While there has been a marked decrease in cigarette smoking in the West, the popularity of shisha smoking has been growing in some countries. Figures collected and published in 2012 by the British Heart Foundation, claimed that there had been a 210% increase in shisha bars in the UK, catering to mostly young men, causing much concern among the British health officials.

Over a span of five centuries, tobacco became the narcotic of choice for many people. It was unknown before Christopher Columbus discovered the Americas. According to the legend, American Indians introduced him to the dried tobacco leaves, reportedly in October 1492. The tobacco plant was subsequently brought back to Europe by sailors accompanying Columbus. In Europe, its popularity grew enormously as initially an astonishing number of curative and therapeutic properties were ascribed to it. It was even incorporated in the Spanish pharmacopeia of the sixteenth century, listed among medicinal plants derived from the New World. The advent of cigarettes in the late nineteenth century gave a big boost to smoking, making it a convenient and inexpensive means of delivery.

The practice spread worldwide. In India, smoking Huqqa was common place during the twilight years of the Mogul empire among the court patricians. The last Mogul emperor, Bahadur Shah Zafar and his father, Akbar Shah II, are often seen in pictures smoking Huqqa while holding court. Even the British servants of the East India Company adopted the practice, considering it a benign practice.

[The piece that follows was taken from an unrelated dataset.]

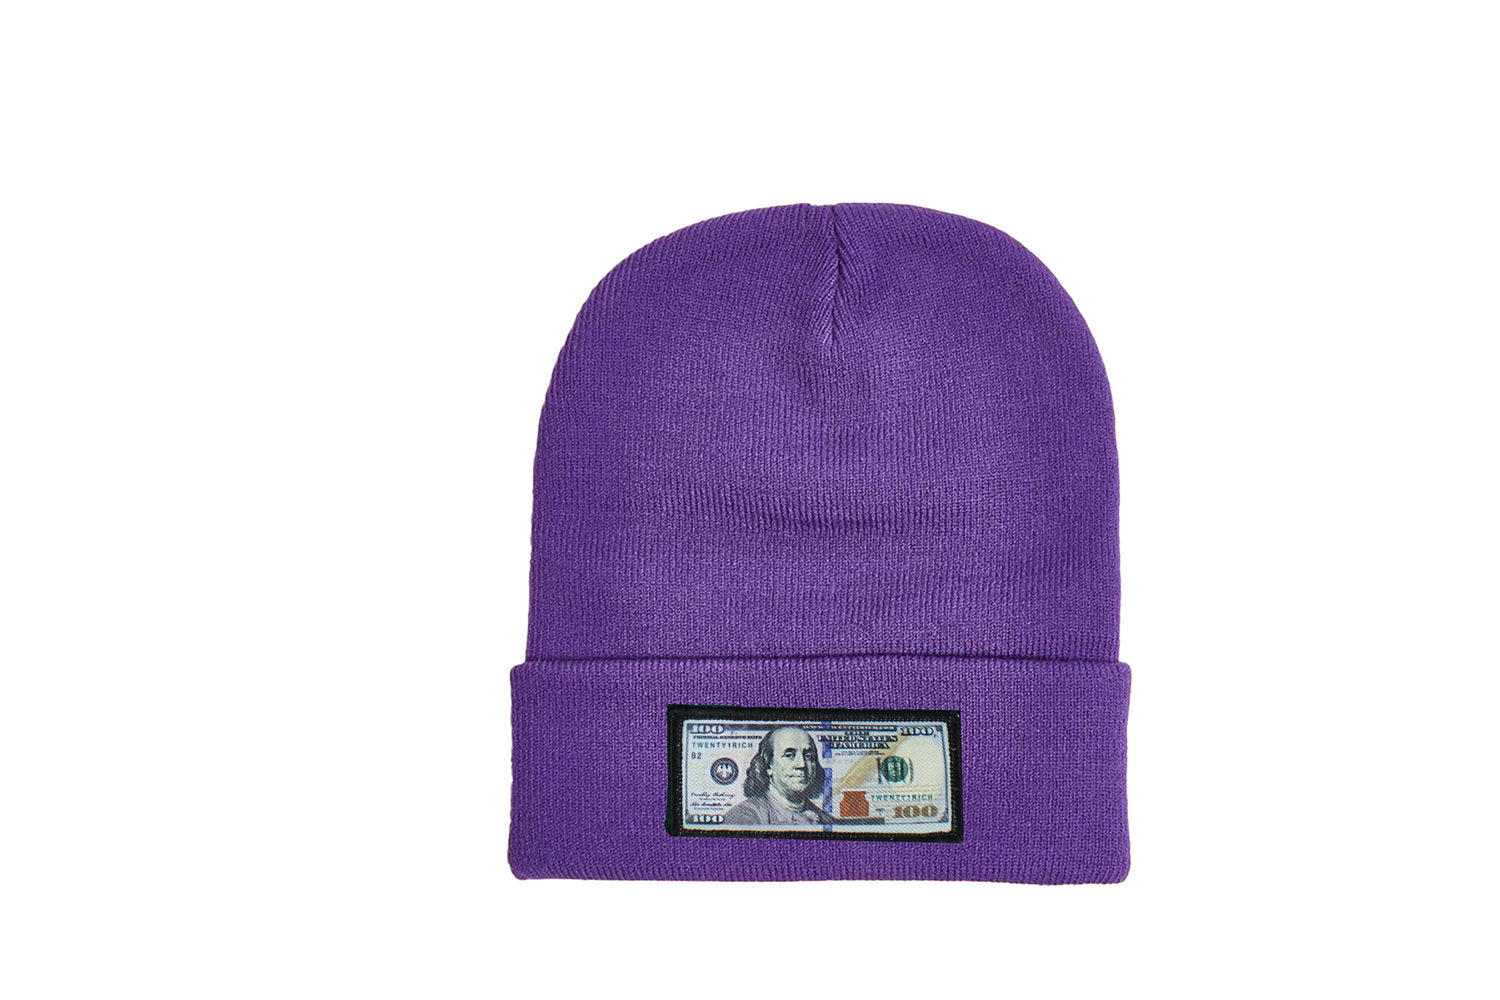 Purple comfy beanie with $100 logo on front

The truth about tobacco, as it turned out, was far different than had been understood by the Europeans. Yet, for the British colonizers in America, tobacco cultivation and export became a big profitable business, and smoking became a highly popular habit worldwide. We have no record of how the Native American Indians who had cultivated it for centuries were affected by its use, or whether they had any awareness of its toxic effects. They used tobacco extensively on all ceremonial occasions, as well as for medicinal purposes. However, since their normal life span was relatively short, the deleterious effects of tobacco probably did not fully manifest in most cases.

The New World gifted us a number of new, highly desirable food items, completely unknown before the discovery of the Americas. Among them are potatoes, tomatoes, corn and pumpkins, all excellent sources of nutrition. Unfortunately, tobacco is one item we would have been much better off without.